I answered, "Because I eat well and exercise often."

They both laughed and said well they don't and don't, so there you go, and by the way, "Look at her," simultaneously looking at me, sighing and taking a sip of coffee.

So this whole concept got me thinking....

Of course I have my groggy/tired days, like we all do, but they are few and far between, often because of a fitful night of sleep irritated by seasonal allergies or a full moon effecting our dog's sleep, so she spends most of the night walking around, nails clicking on the wood floors. These tired days are unusual for me and easy to identify the culprit.

Subsequently, I thought about most of my coworkers who are often tired, yawning, lethargic caffeine junkies. Most complain about always being tired, not feeling up for work or doing much for that matter, and most all want to take a nap right after lunch.

While the simple answer is eat well and exercise, it really is true and I don't think we realize the value of these two simple things until we start doing them and can identify the difference of doing or not doing. The value of these two things make a world of difference for your day to day functioning and lethargy.

My tips for not dragging ass on a daily basis:

• Drink lots of water and less caffeine. It seems counter-intuitive, because most of us reach for caffeine to help us wake up or help get over that 3 p.m. afternoon slump. You are better off getting up and walking around, stretching and drinking a glass of water. These three things combined will give you more of that afternoon boost than any cup of joe will.

• Get proper, restorative, deep sleep. Sleep can be effected in many ways by the environment, but also by what you eat, how you move or don't move in your day and your overall health. So this one is the hardest to immediately solve, but having a quiet, relaxing bedroom is at least the first step to aiding in restorative sleep, that and decreasing your caffeine intake to no more than 2 cups a day.

• Make a majority of your diet plant based, limit your intake of dairy and meat proteins, both of which ask much more of your body to digest, which if you don't have extra energy to give, asking your body to work hard to digest complex proteins is asking too much of your already energy deprived self.
 Subsequently, dark, leafy greens, of which most of us don't get enough, have gobs of chlorophyll in them, hence the green, but that chlorophyll gives you oxygen among many other great nutrients. So eat plenty of greens.

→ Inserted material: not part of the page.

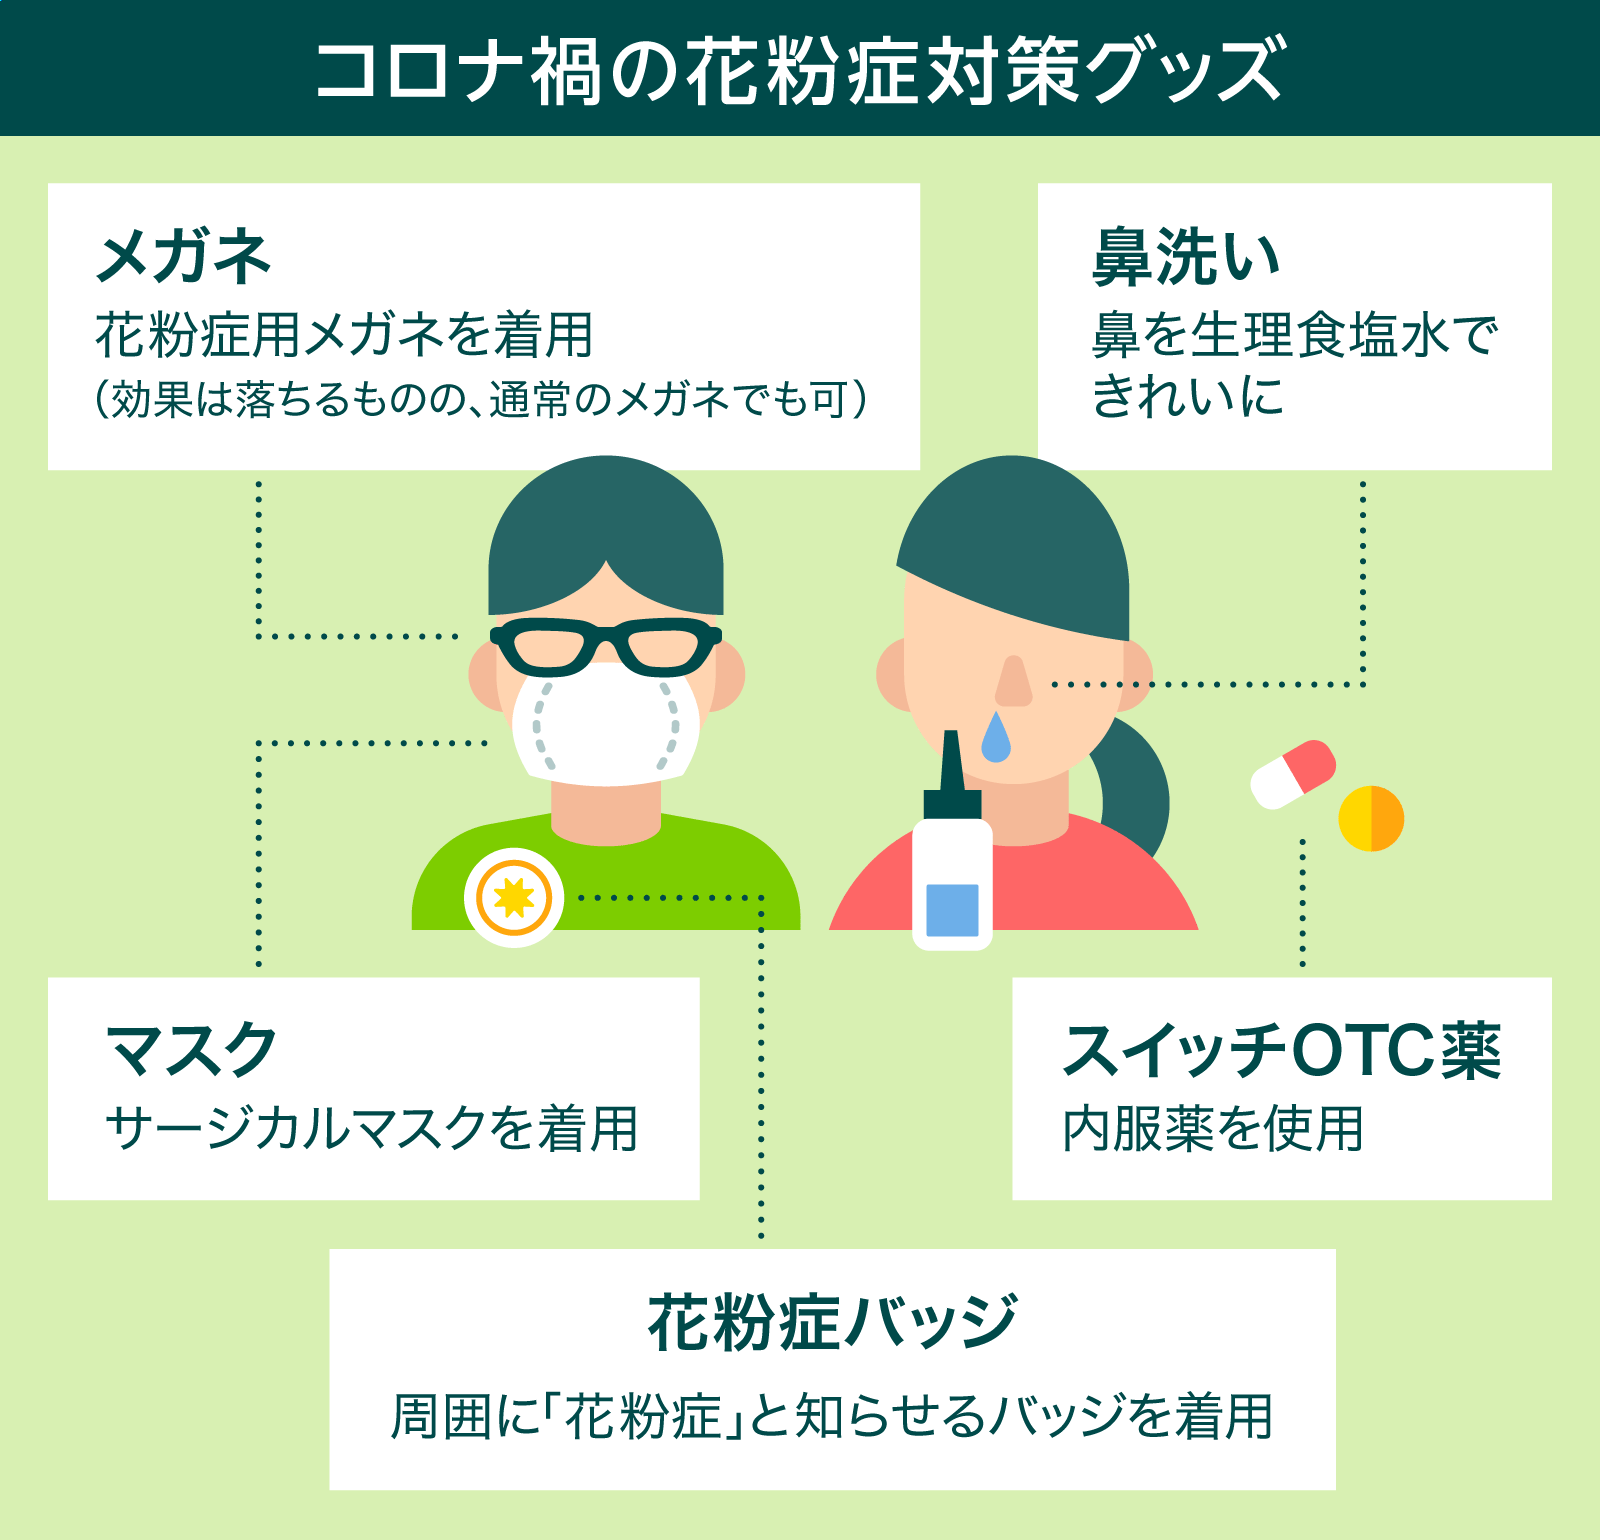 コロナ禍での花粉症対策をわかりやすく解説 Yahoo Japan

If right now a basic salad counts as your greens, that is better than none, but try to eat any or all of: chard, kale, collard greens, spinach, dandelion greens, beet greens, mustard greens, etc. at least 3 times a week (more is always better, but you gotta start somewhere, right?). My favorite and easiest way to get your greens in, is throw them in a breakfast smoothie, seriously, you never know they are there, well minus the green color, but don't pay attention to that, juice 'em or sauté them up in a little bit of EVOO in a hot deep pan with fresh chopped garlic. Wash and chop your greens and throw them on top of your slightly cooked garlic, excess water on your greens is OK, and toss until just barely wilted, finish with a squeeze of lemon juice or a dash of Braggs Liquid Aminos. A great easy side to any meal. Like I always say to my Honey, "where's your greens?"

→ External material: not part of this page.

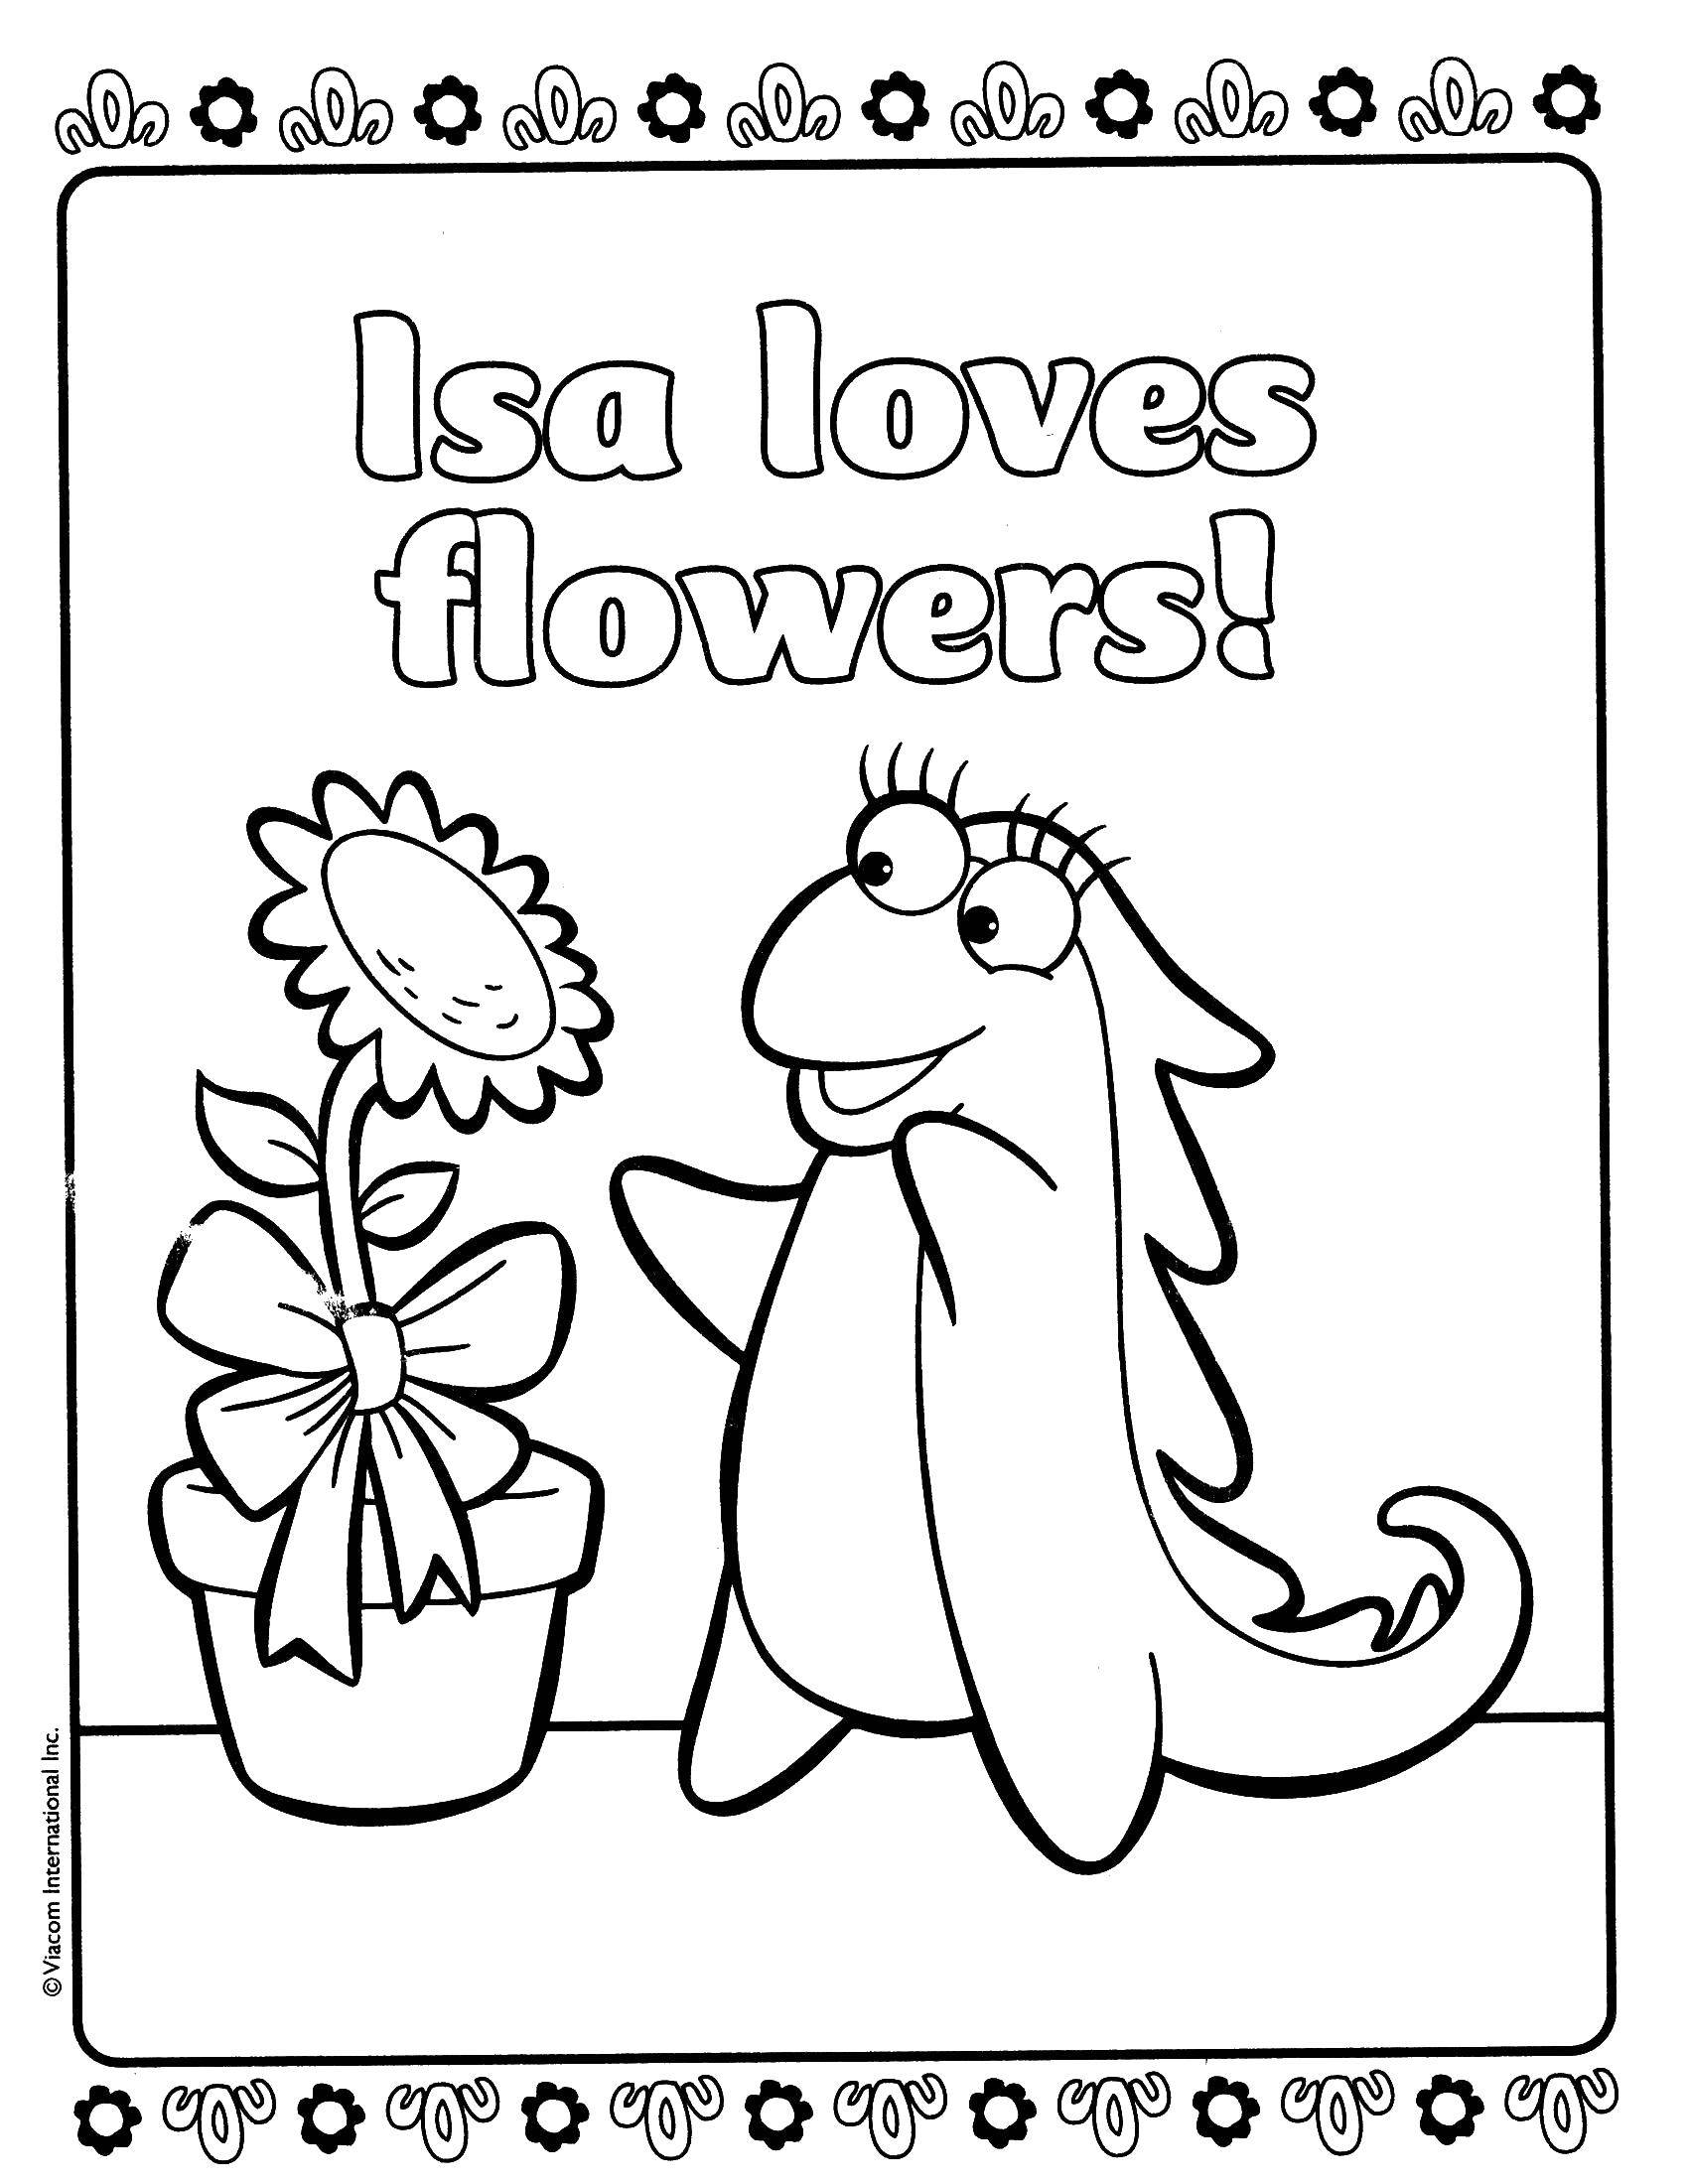 Опис: розмальовки  Іса любить квіти!. Категорія: даша мандрівниця. Теги:  Персонаж з мультфільму.

• Breathe. Duh, right, we have to or we die, but what I mean is breathe consciously and with focus and intent to cleanse. Think about it, how often in a day you you consciously breathe? And when you do, don't you feel brighter, more awake, energized? It is amazing the power of breath.

Which leads into:

• Exercise. Often, try to move daily for a minimum of 30-45 mins., whatever works for you, but I think focused exercise at least 3 days a week will make all the difference in helping you feel more energized. Exercise makes you take deep breaths, asking your lungs to expand and intake more oxygen. Stretching lengthens your muscles and opens your body and lungs aiding in the movement of more oxygen running through your body. I especially like yoga to help me focus on breathing. Yoga asks you to breathe through a stretch, which I know sometimes we hold our breath through a stretch. Breathing through it allows the stretch to go deeper and simultaneously makes you conscious of the importance of breathing and aware of the energy-packed importance of deep, cleansing, awakening breath.

While these little tips are helpful and starting point, the best way to avoid lethargy and general all-over tiredness, it to be aware of self. Nourish your mind, body with clean eating, focused exercise, restorative rest and an intent on wellness.

So instead of reaching for that next cup of caffeine to get your jolt of energy think of the other things you can change in your daily routine that will aid in your all over alertness.